- [WHAT TO DO]: The pictures stay out; all of the data is to be printed exactly.

- [DATA BLOCK]:
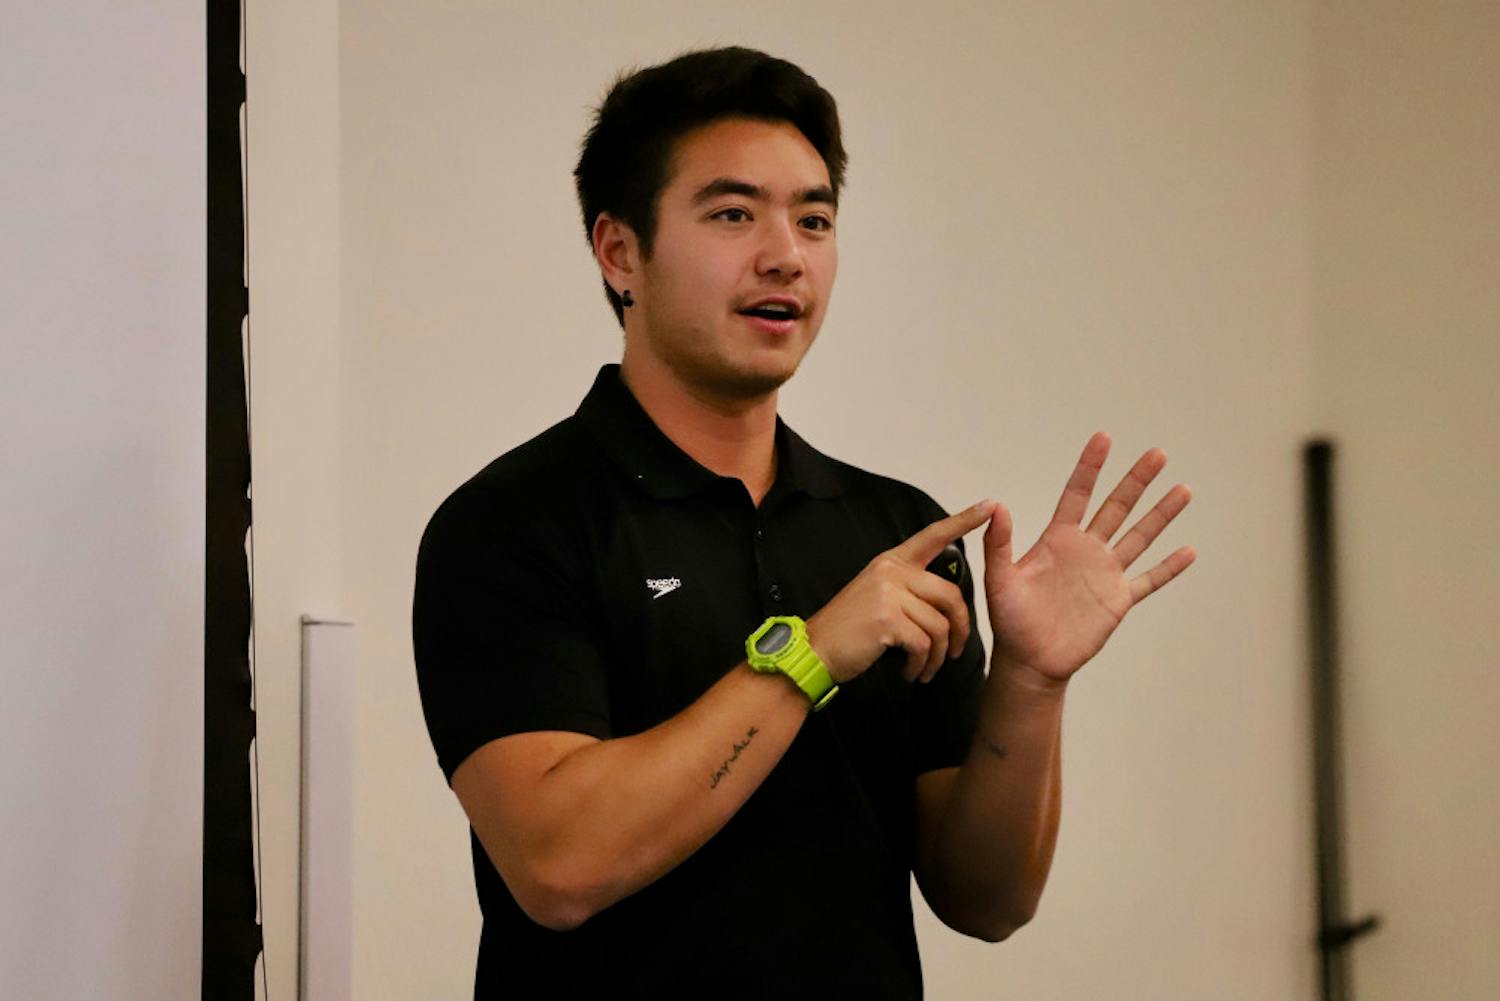 Schuyler Bailar, 23, the first Division 1 NCAA trans-athlete speaks about his life Friday to students. His speech marked the culmination of events put on by Pride Student Union celebrating National Coming Out Day.
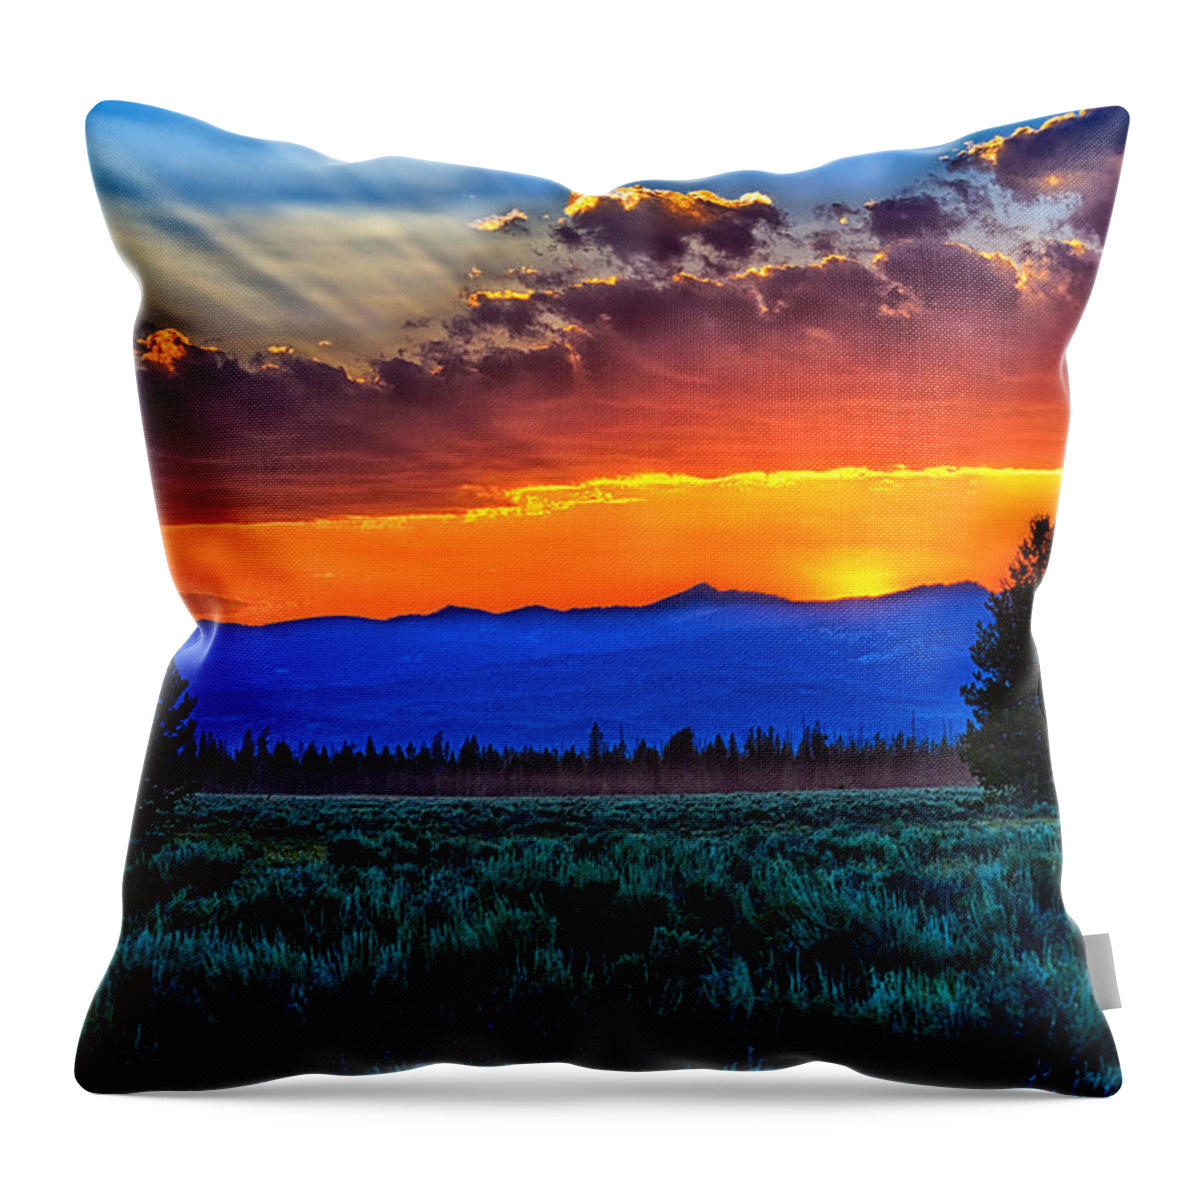 Island Park Throw Pillow featuring the photograph Island Park Sunset by Greg Norrell
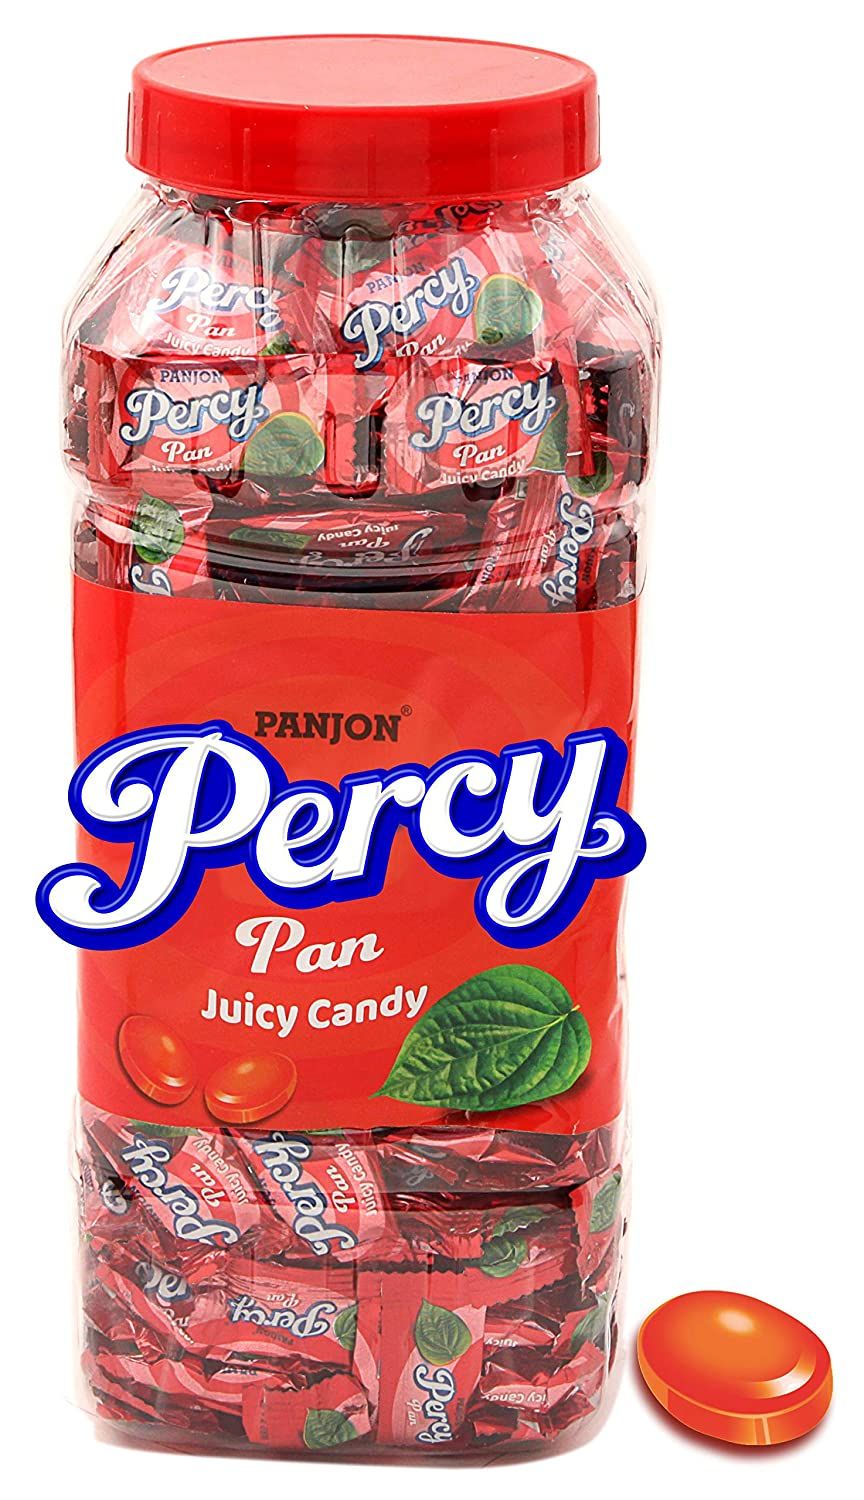 Percy Pan Candy Toffee Candies Image
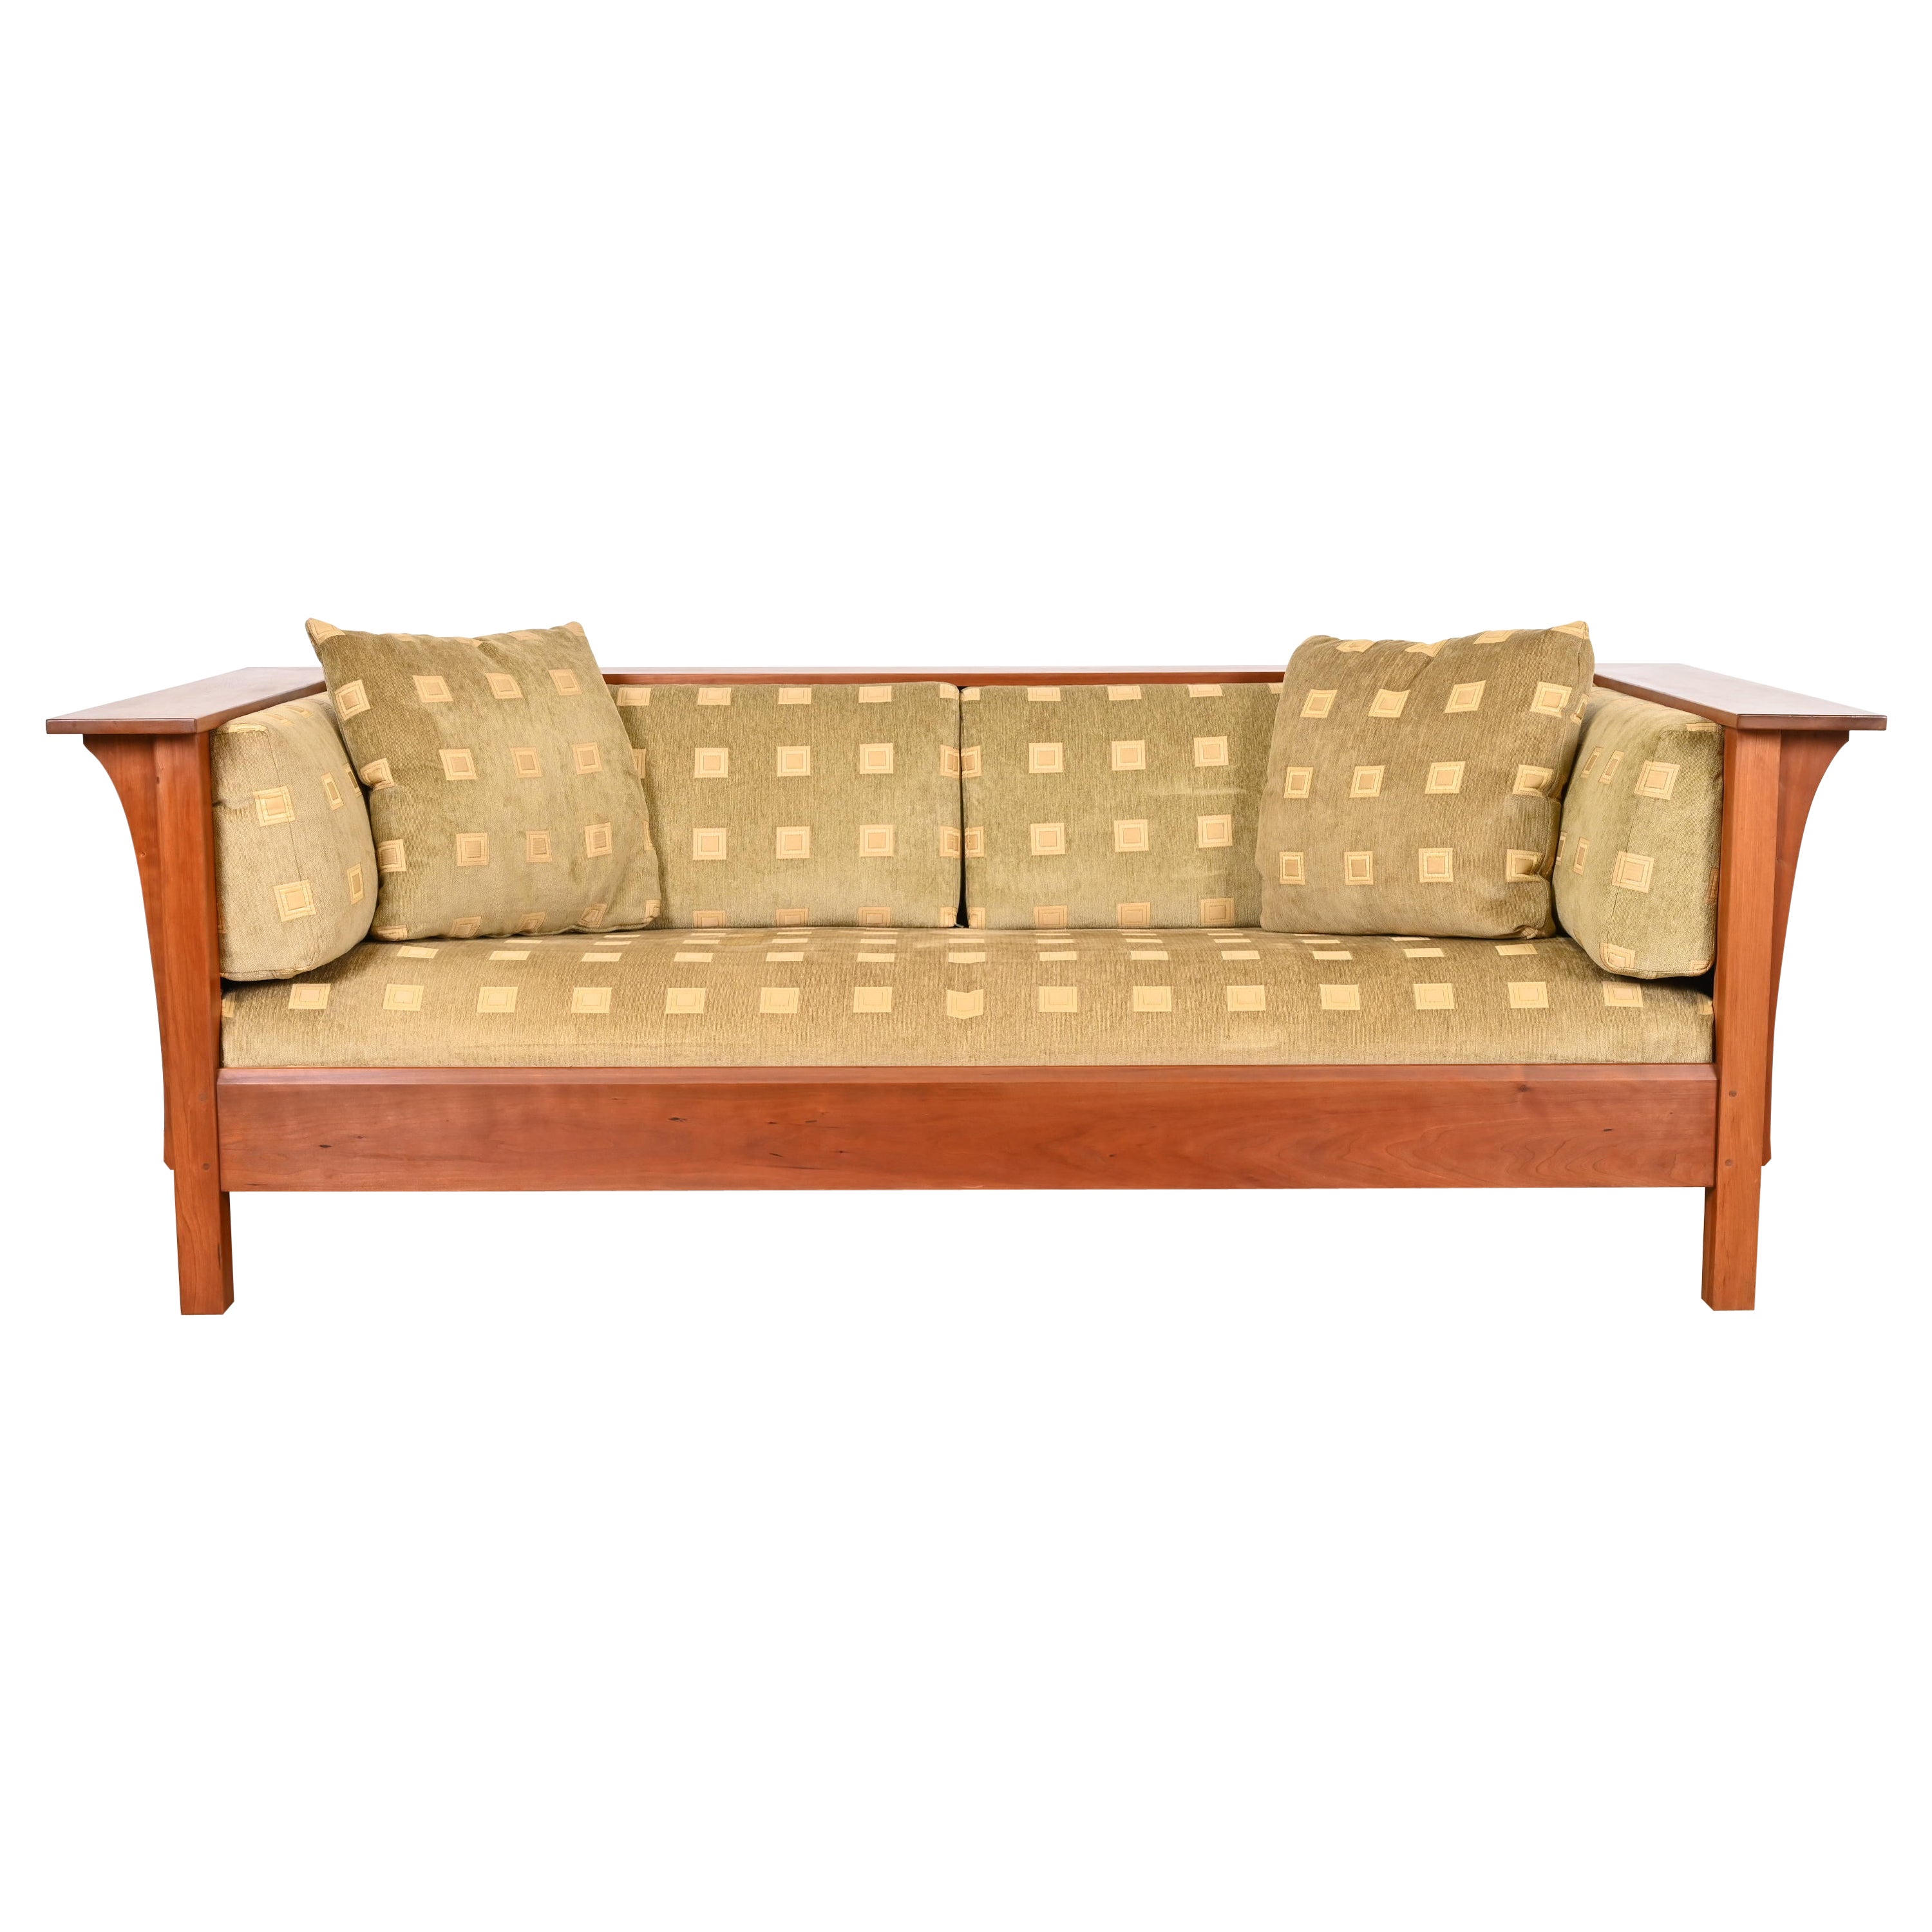 Stickley Mission Arts and Crafts Cherry Wood Settle Sofa For Sale

- [EXERCISE OUTPUT]:
 Schuyler Bailar, 23, the first Division 1 NCAA trans-athlete speaks about his life Friday to students. His speech marked the culmination of events put on by Pride Student Union celebrating National Coming Out Day.
 Island Park Throw Pillow featuring the photograph Island Park Sunset by Greg Norrell
 Percy Pan Candy Toffee Candies Image
 Stickley Mission Arts and Crafts Cherry Wood Settle Sofa For Sale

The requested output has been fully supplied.